■ **Task details**
What's required is a verbatim printout of all the data.

** Opening Provided entries block **

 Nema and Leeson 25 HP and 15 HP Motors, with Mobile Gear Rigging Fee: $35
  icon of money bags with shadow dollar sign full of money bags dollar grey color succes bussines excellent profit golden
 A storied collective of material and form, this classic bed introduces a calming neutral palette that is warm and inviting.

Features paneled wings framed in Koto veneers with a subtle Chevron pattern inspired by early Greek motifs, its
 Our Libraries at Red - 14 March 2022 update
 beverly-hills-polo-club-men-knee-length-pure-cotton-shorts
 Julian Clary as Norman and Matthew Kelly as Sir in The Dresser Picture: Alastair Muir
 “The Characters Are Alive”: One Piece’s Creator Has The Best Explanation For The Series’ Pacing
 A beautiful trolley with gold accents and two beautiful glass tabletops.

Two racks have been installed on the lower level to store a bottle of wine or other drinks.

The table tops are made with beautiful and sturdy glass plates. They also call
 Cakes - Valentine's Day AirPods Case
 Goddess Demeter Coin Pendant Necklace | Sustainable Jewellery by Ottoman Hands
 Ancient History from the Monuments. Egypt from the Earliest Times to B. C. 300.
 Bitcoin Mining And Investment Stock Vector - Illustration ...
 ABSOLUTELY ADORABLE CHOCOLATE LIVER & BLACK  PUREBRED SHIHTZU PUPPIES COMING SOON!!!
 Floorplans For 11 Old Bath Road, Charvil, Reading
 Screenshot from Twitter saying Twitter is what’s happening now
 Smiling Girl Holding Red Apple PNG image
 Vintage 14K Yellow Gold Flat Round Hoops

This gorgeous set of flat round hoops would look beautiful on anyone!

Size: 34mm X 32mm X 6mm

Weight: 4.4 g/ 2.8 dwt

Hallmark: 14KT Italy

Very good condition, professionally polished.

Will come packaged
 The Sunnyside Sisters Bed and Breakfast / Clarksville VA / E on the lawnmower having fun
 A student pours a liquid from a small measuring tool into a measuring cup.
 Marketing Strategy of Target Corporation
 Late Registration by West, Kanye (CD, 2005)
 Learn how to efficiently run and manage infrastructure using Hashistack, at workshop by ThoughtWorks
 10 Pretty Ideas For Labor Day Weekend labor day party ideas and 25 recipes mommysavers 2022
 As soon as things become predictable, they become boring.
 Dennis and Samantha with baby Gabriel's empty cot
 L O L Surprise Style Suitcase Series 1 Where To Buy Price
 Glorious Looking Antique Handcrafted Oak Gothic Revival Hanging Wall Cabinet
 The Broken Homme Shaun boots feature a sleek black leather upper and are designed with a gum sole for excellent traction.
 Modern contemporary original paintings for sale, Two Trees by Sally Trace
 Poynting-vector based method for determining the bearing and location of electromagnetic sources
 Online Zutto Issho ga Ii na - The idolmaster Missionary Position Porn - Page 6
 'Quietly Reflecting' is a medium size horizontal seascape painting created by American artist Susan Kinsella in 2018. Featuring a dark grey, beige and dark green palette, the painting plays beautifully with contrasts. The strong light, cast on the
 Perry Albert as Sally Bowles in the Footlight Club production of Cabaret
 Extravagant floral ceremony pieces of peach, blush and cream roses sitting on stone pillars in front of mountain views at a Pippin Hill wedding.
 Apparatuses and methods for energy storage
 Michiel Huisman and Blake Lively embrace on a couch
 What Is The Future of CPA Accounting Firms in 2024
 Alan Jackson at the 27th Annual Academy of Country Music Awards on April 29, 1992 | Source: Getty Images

** Closing Provided entries block **

■ **Written solution**
 Nema and Leeson 25 HP and 15 HP Motors, with Mobile Gear Rigging Fee: $35
  icon of money bags with shadow dollar sign full of money bags dollar grey color succes bussines excellent profit golden
 A storied collective of material and form, this classic bed introduces a calming neutral palette that is warm and inviting.

Features paneled wings framed in Koto veneers with a subtle Chevron pattern inspired by early Greek motifs, its
 Our Libraries at Red - 14 March 2022 update
 beverly-hills-polo-club-men-knee-length-pure-cotton-shorts
 Julian Clary as Norman and Matthew Kelly as Sir in The Dresser Picture: Alastair Muir
 “The Characters Are Alive”: One Piece’s Creator Has The Best Explanation For The Series’ Pacing
 A beautiful trolley with gold accents and two beautiful glass tabletops.

Two racks have been installed on the lower level to store a bottle of wine or other drinks.

The table tops are made with beautiful and sturdy glass plates. They also call
 Cakes - Valentine's Day AirPods Case
 Goddess Demeter Coin Pendant Necklace | Sustainable Jewellery by Ottoman Hands
 Ancient History from the Monuments. Egypt from the Earliest Times to B. C. 300.
 Bitcoin Mining And Investment Stock Vector - Illustration ...
 ABSOLUTELY ADORABLE CHOCOLATE LIVER & BLACK  PUREBRED SHIHTZU PUPPIES COMING SOON!!!
 Floorplans For 11 Old Bath Road, Charvil, Reading
 Screenshot from Twitter saying Twitter is what’s happening now
 Smiling Girl Holding Red Apple PNG image
 Vintage 14K Yellow Gold Flat Round Hoops

This gorgeous set of flat round hoops would look beautiful on anyone!

Size: 34mm X 32mm X 6mm

Weight: 4.4 g/ 2.8 dwt

Hallmark: 14KT Italy

Very good condition, professionally polished.

Will come packaged
 The Sunnyside Sisters Bed and Breakfast / Clarksville VA / E on the lawnmower having fun
 A student pours a liquid from a small measuring tool into a measuring cup.
 Marketing Strategy of Target Corporation
 Late Registration by West, Kanye (CD, 2005)
 Learn how to efficiently run and manage infrastructure using Hashistack, at workshop by ThoughtWorks
 10 Pretty Ideas For Labor Day Weekend labor day party ideas and 25 recipes mommysavers 2022
 As soon as things become predictable, they become boring.
 Dennis and Samantha with baby Gabriel's empty cot
 L O L Surprise Style Suitcase Series 1 Where To Buy Price
 Glorious Looking Antique Handcrafted Oak Gothic Revival Hanging Wall Cabinet
 The Broken Homme Shaun boots feature a sleek black leather upper and are designed with a gum sole for excellent traction.
 Modern contemporary original paintings for sale, Two Trees by Sally Trace
 Poynting-vector based method for determining the bearing and location of electromagnetic sources
 Online Zutto Issho ga Ii na - The idolmaster Missionary Position Porn - Page 6
 'Quietly Reflecting' is a medium size horizontal seascape painting created by American artist Susan Kinsella in 2018. Featuring a dark grey, beige and dark green palette, the painting plays beautifully with contrasts. The strong light, cast on the
 Perry Albert as Sally Bowles in the Footlight Club production of Cabaret
 Extravagant floral ceremony pieces of peach, blush and cream roses sitting on stone pillars in front of mountain views at a Pippin Hill wedding.
 Apparatuses and methods for energy storage
 Michiel Huisman and Blake Lively embrace on a couch
 What Is The Future of CPA Accounting Firms in 2024
 Alan Jackson at the 27th Annual Academy of Country Music Awards on April 29, 1992 | Source: Getty Images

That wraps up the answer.